■ **WHAT THIS TASK INVOLVES**: The expected result is an exact copy of the lines from the one holding "dofinansowanie z unii europejskiej" to the last line of the material, with pictures removed and nothing added.

■ **INPUT DATA**:

========================================================================

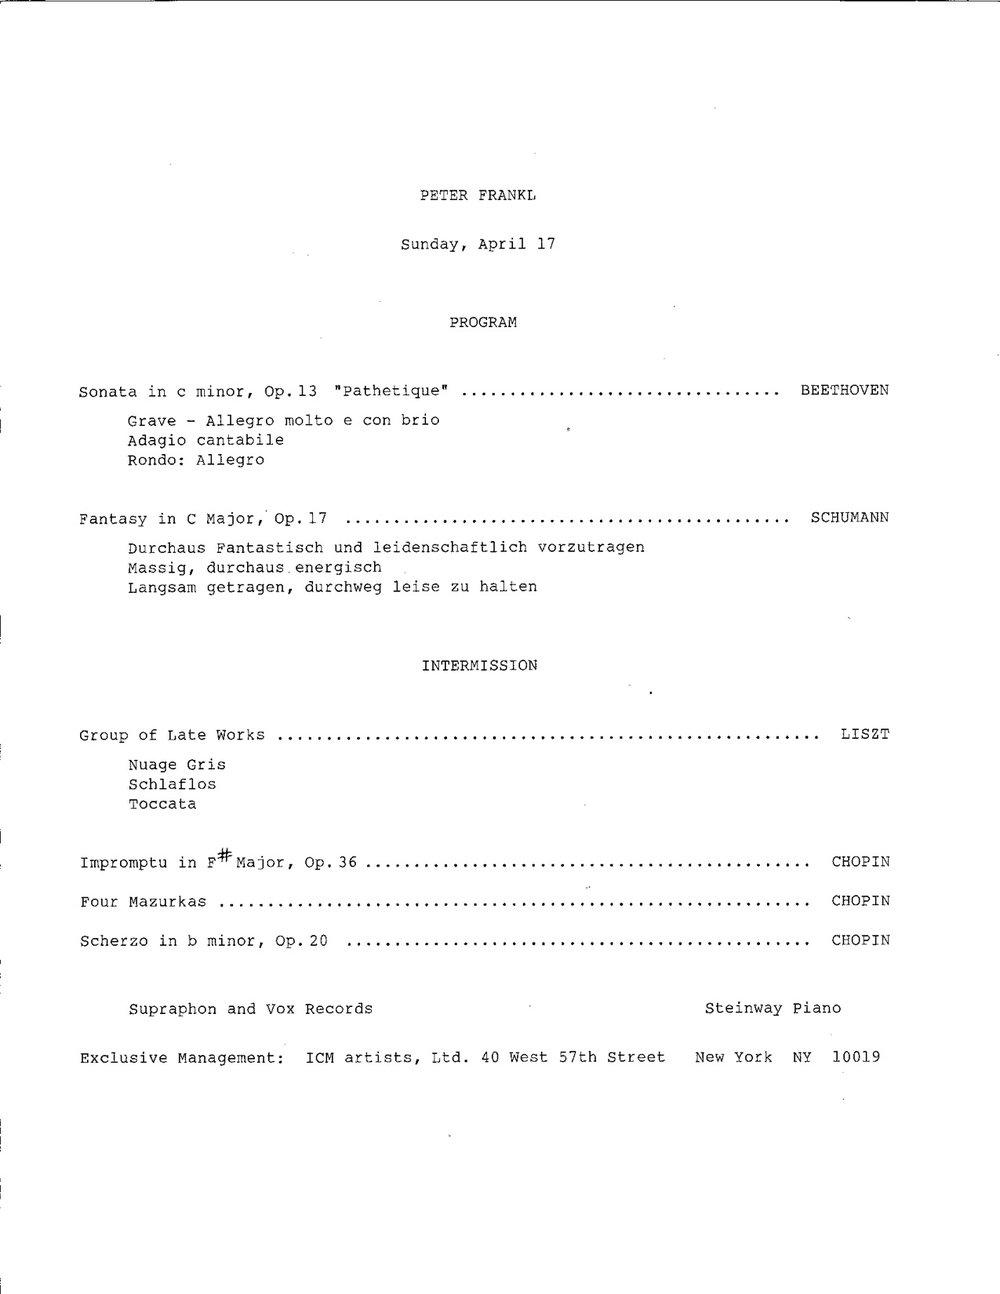 Frankl87-88_Program2.jpg
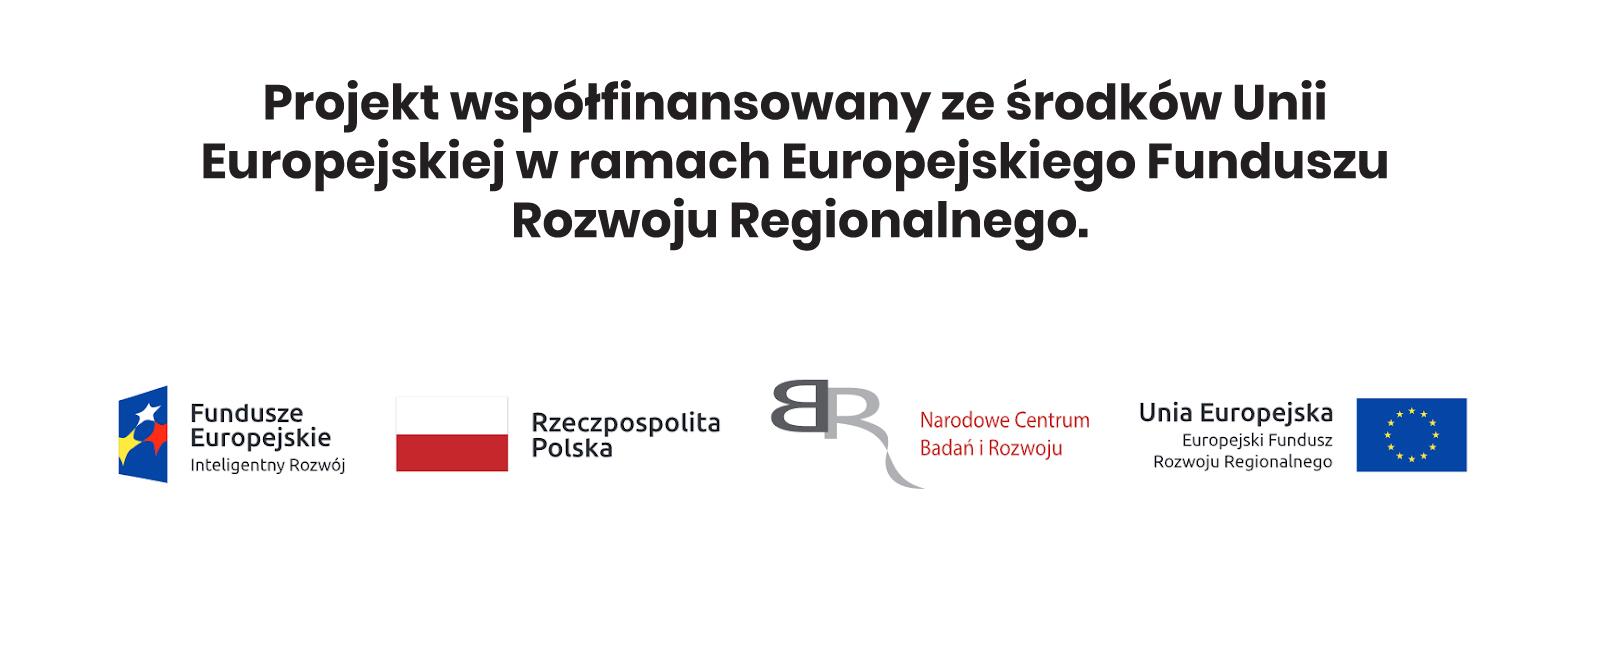 dofinansowanie z unii europejskiej
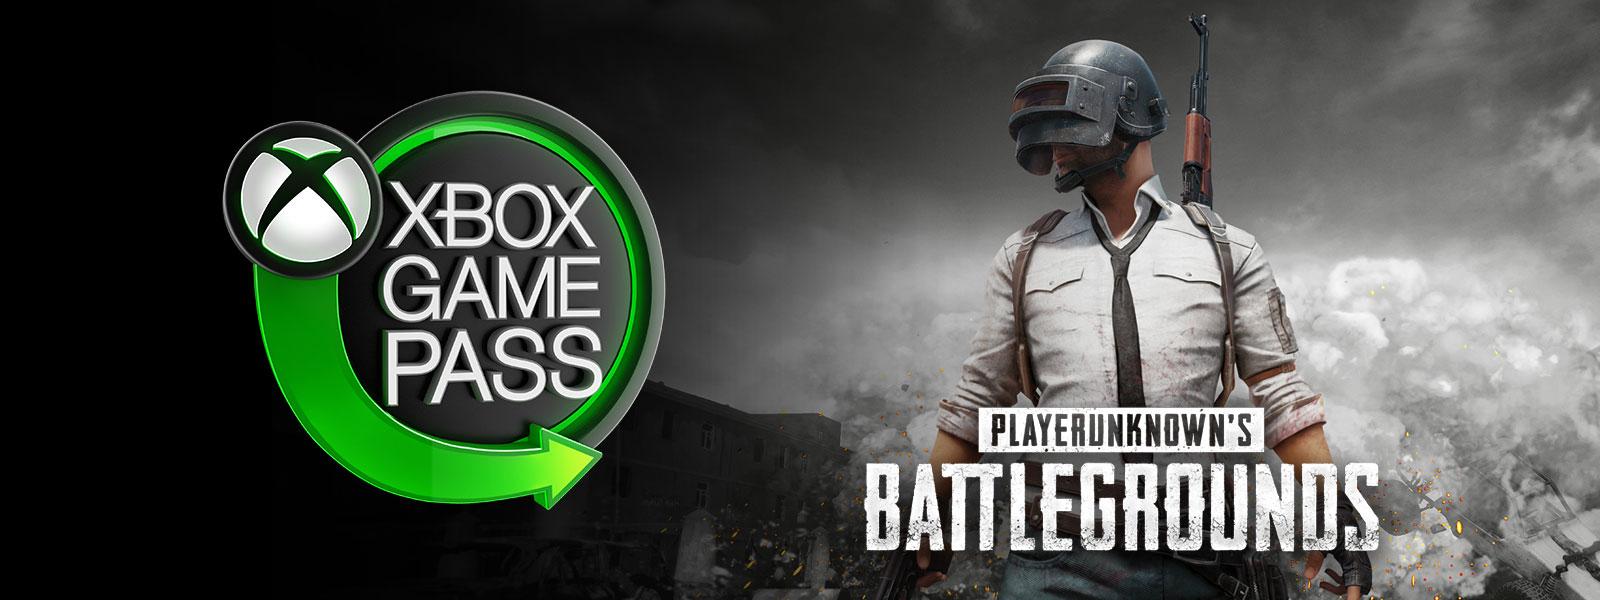 Xbox Game Pass-logo, Playerunknown's Battlegrounds, een man die een spetsnaz-helm draagt en een pistool vasthoudt staat voor een achtergrond van explosies

========================================================================

■ **ANSWER TO THIS TASK**:
 dofinansowanie z unii europejskiej
 Xbox Game Pass-logo, Playerunknown's Battlegrounds, een man die een spetsnaz-helm draagt en een pistool vasthoudt staat voor een achtergrond van explosies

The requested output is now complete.